EXERCISE REQUIREMENTS:
Write out word for word the lines from the one holding "158f525d52c1 Gotland Gratistidning" through the end of the data, and only those lines. Pictures stay out.

--- DATA EXTRACT Enclosed Below ---

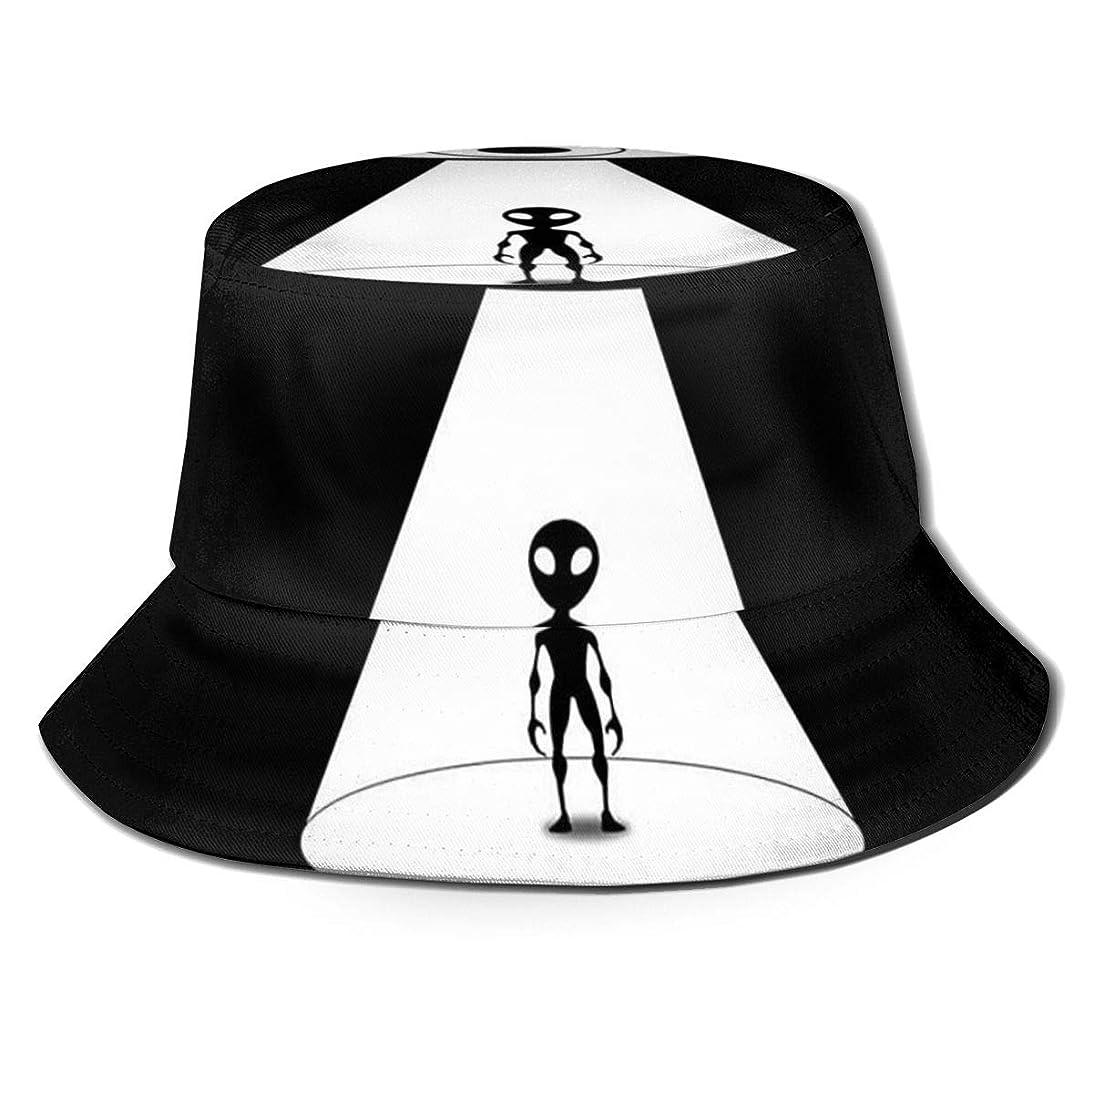 直立地雷原死Aiwnin UFO車から降りる エイリアン 漁師の帽子 サンハット 日よけ帽 紫外線保護 釣り 登山 農作業 通気性がいい
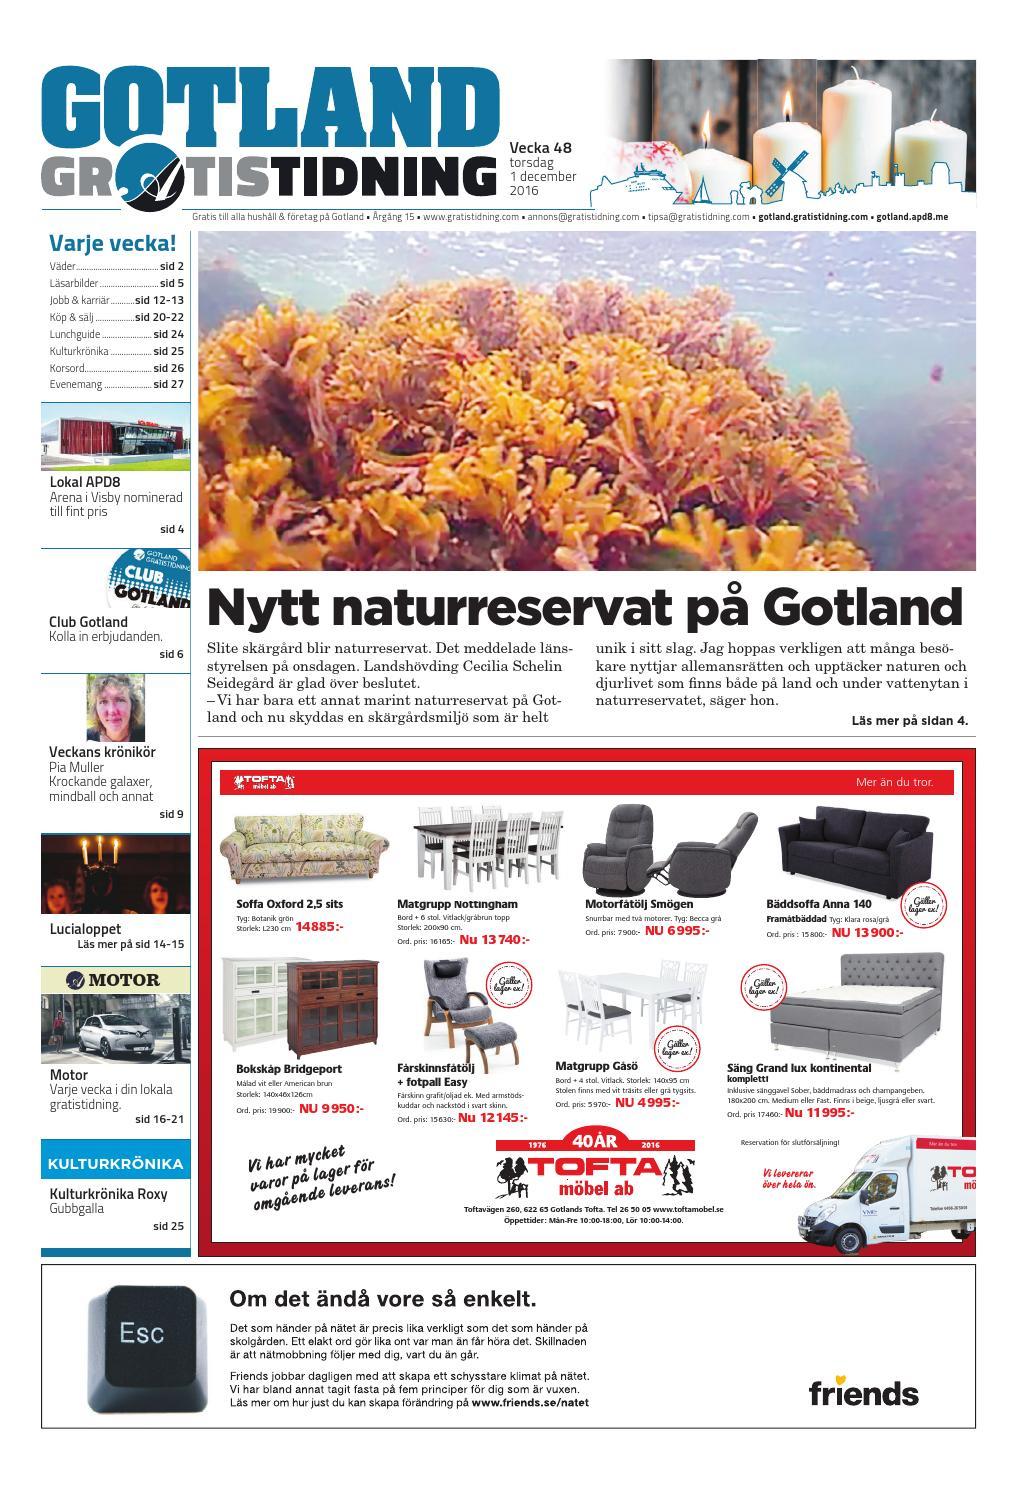 158f525d52c1 Gotland Gratistidning by Svenska Civildatalogerna AB - issuu
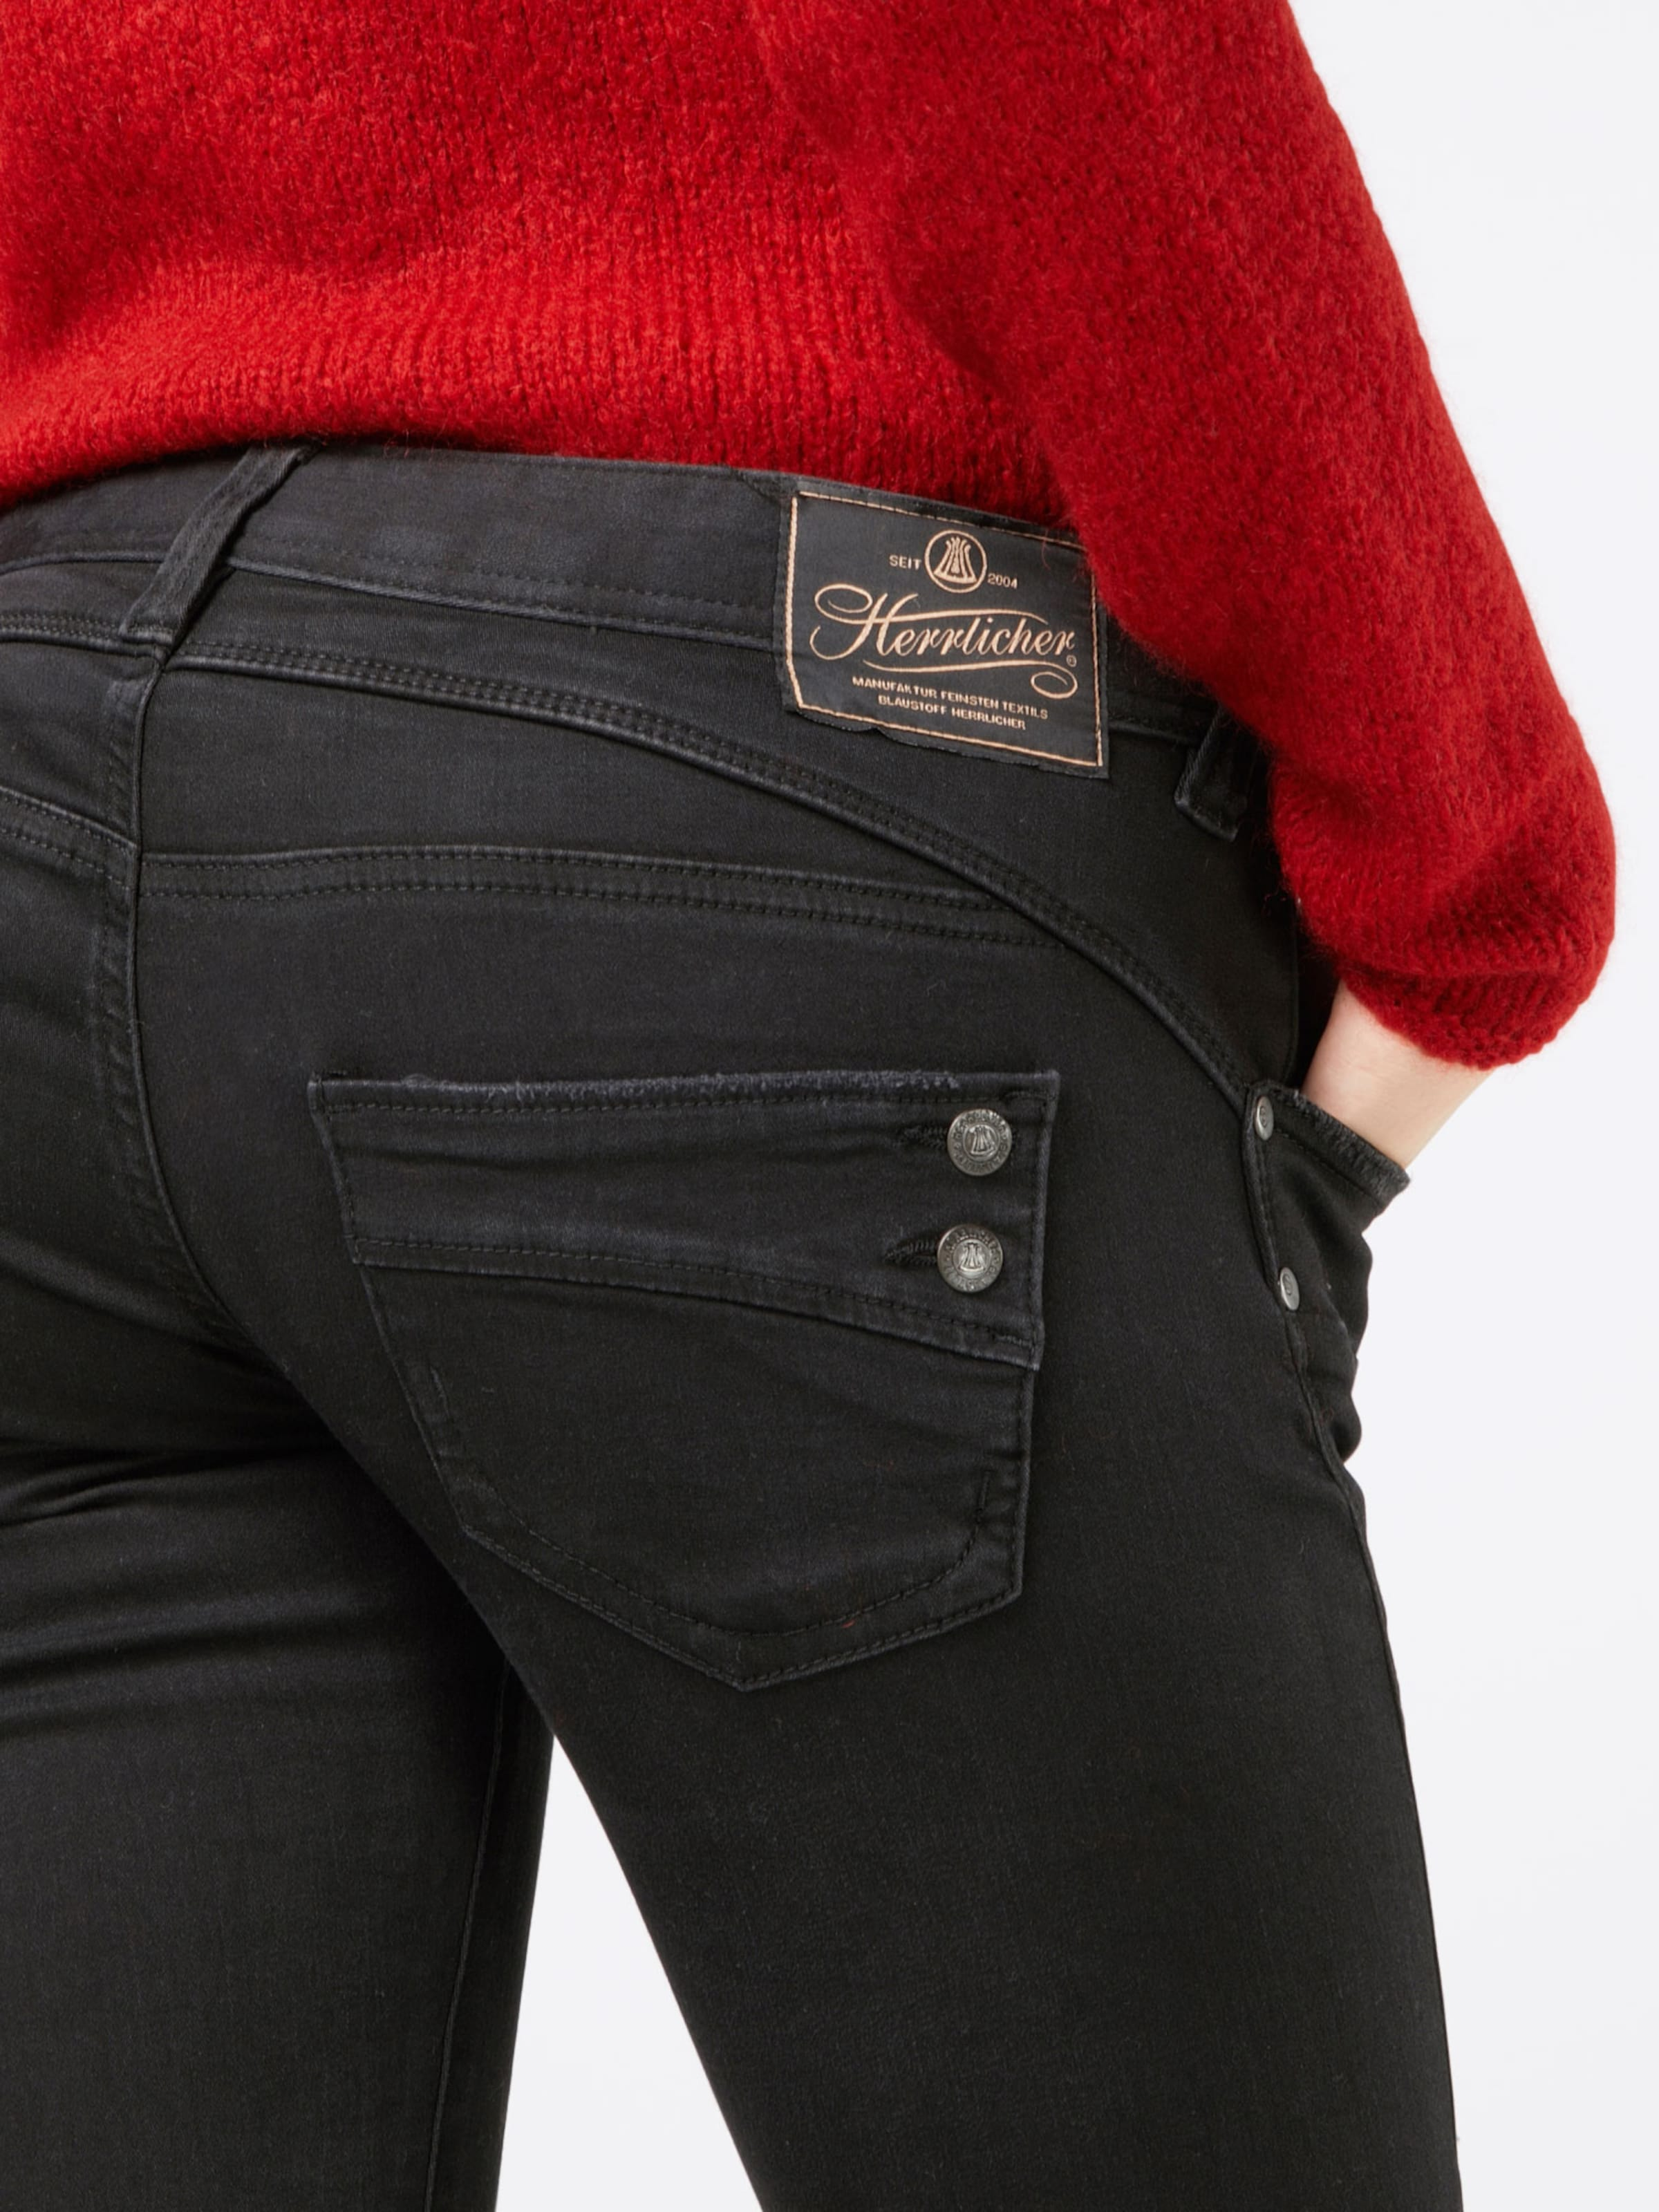 In Stretch' 'piper Slim Herrlicher Jeans Denim Black rxhQtdsC

--- End of Enclosed DATA EXTRACT ---

RESPONSE TO THE EXERCISE:
 158f525d52c1 Gotland Gratistidning by Svenska Civildatalogerna AB - issuu
 In Stretch' 'piper Slim Herrlicher Jeans Denim Black rxhQtdsC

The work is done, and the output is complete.